आईएसएसएन: 2381-8719
Enyew BD, Van Lanen HAJ and Van Loon AF
Droughts are common natural phenomenon in Ethiopia which has been affecting food insecurity and imposing other complex problems. Severe droughts happened once every 10 years in the north and north east Ethiopia, now becoming more frequent and covering areas that never experience drought before, in the southern parts of the country. According to IPCC droughts will become more intense, frequent and severe in the future due to the impact of climate change. This thesis presents the assessment of projected impact of climate change on hydrological drought in the Lake Tana basin in Ethiopia, which is the headwater for the Blue Nile River. The rainfall-runoff HBV model was calibrated and validated against historical data to obtain a reference situation to the possible impact of climate change on hydrological drought in four sub-basins and the Lake Tana basin.
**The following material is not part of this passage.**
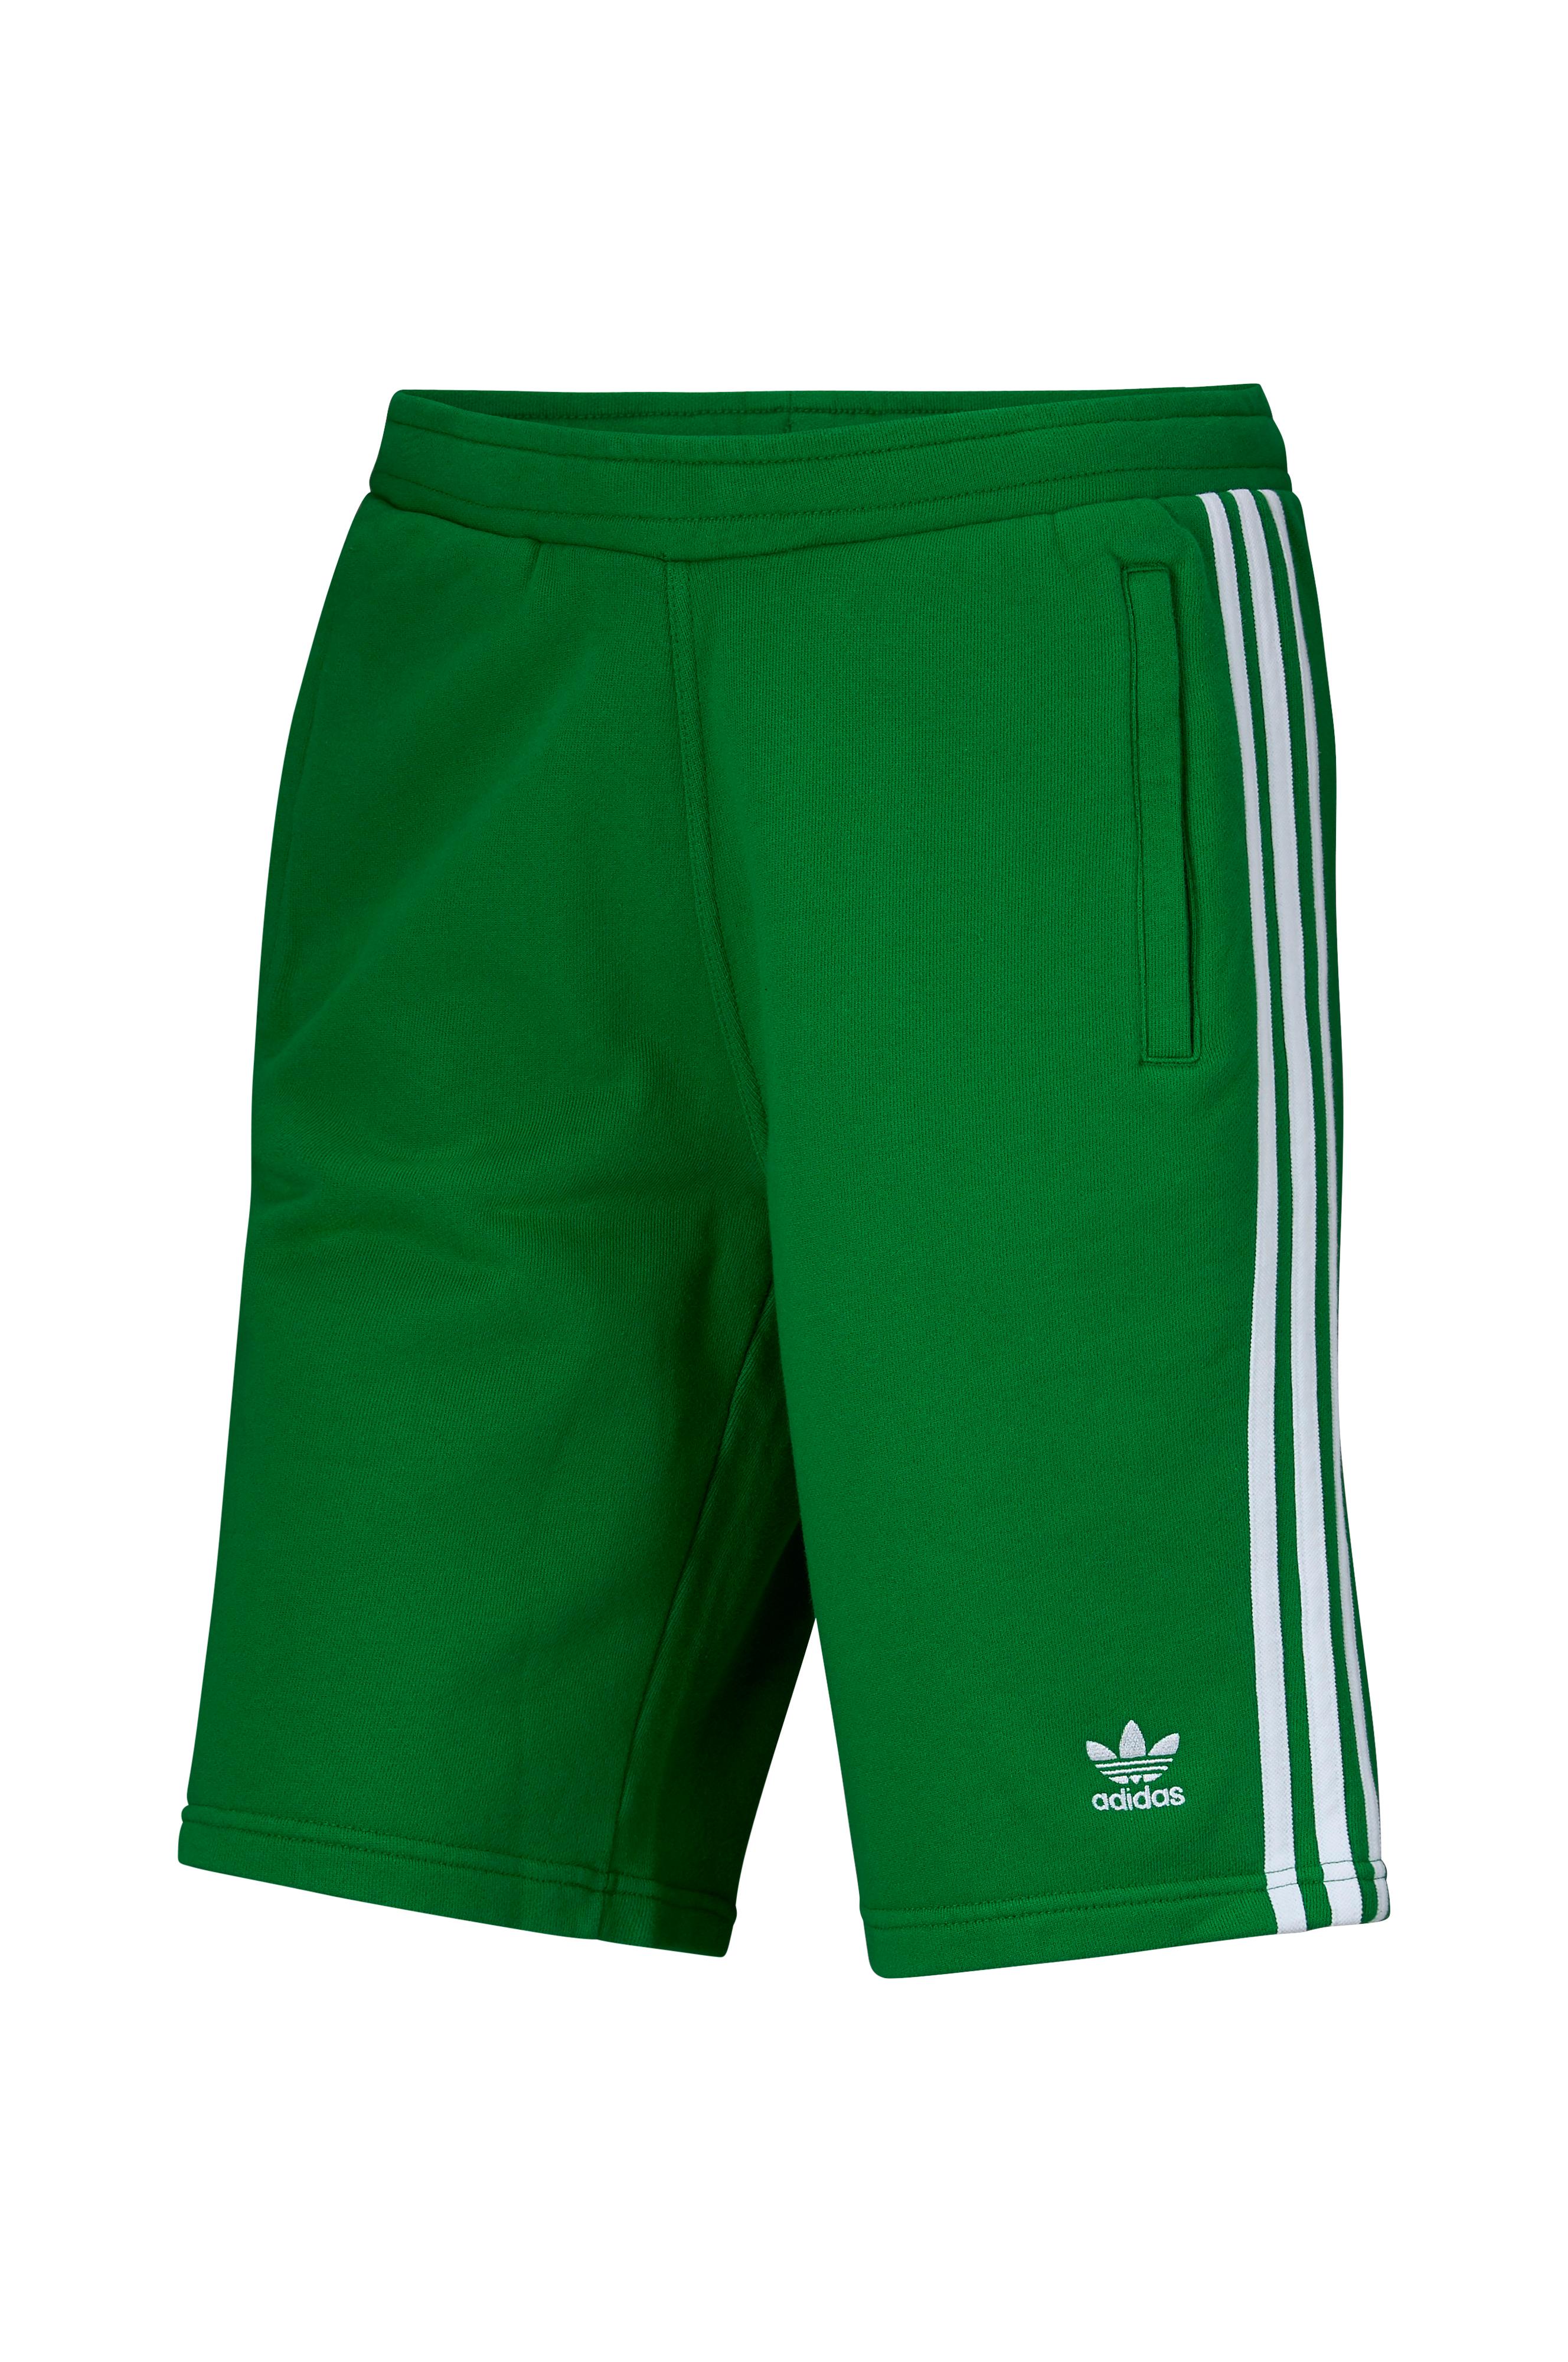 quality design 7587c db80b adidas Originals Shortsit, joissa 3-stripes-raidat - Vihreä - Miehet -  Ellos.fi
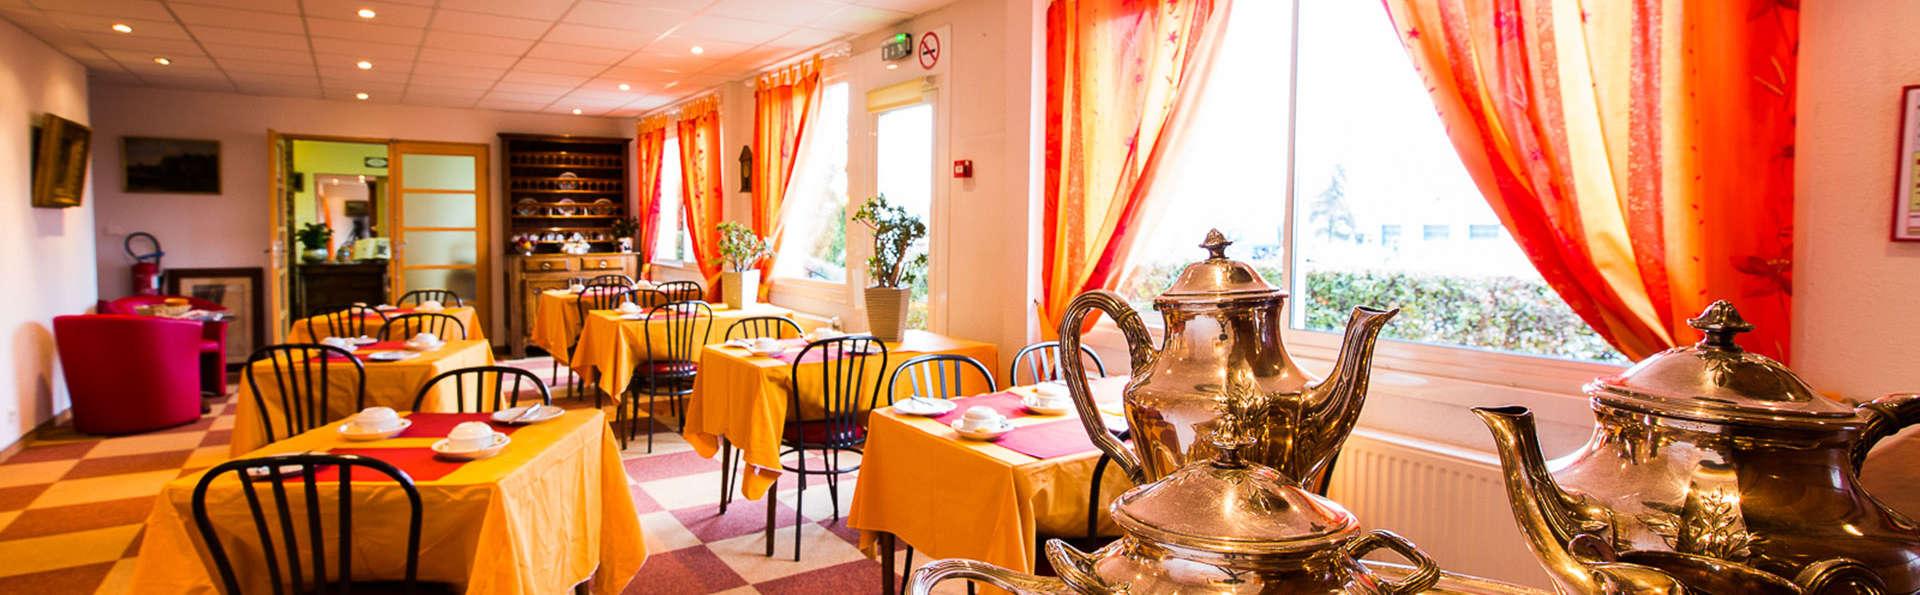 Hôtel Le Pacifique - EDIT_breakfastroom3.jpg

Datasets obtained from the EU- ATCH project for three General Circulation Models (CNCM3, IPSL and ECHAM) were used as an input to the HBV model, which was recalibrated for the same historic period to obtain an assessment to what local downscaled, bias-corrected GCM can be used as a forcing data for hydrological drought assessment. Next the GCM outputs with the recalibrated HBV model were used to simulate future streamflow for two future time windows (2021-2050 and 2071-2100) and for one future emission scenario A2. The variable threshold level method combined with a 10-day moving average streamflow was used to detect hydrological drought characteristics.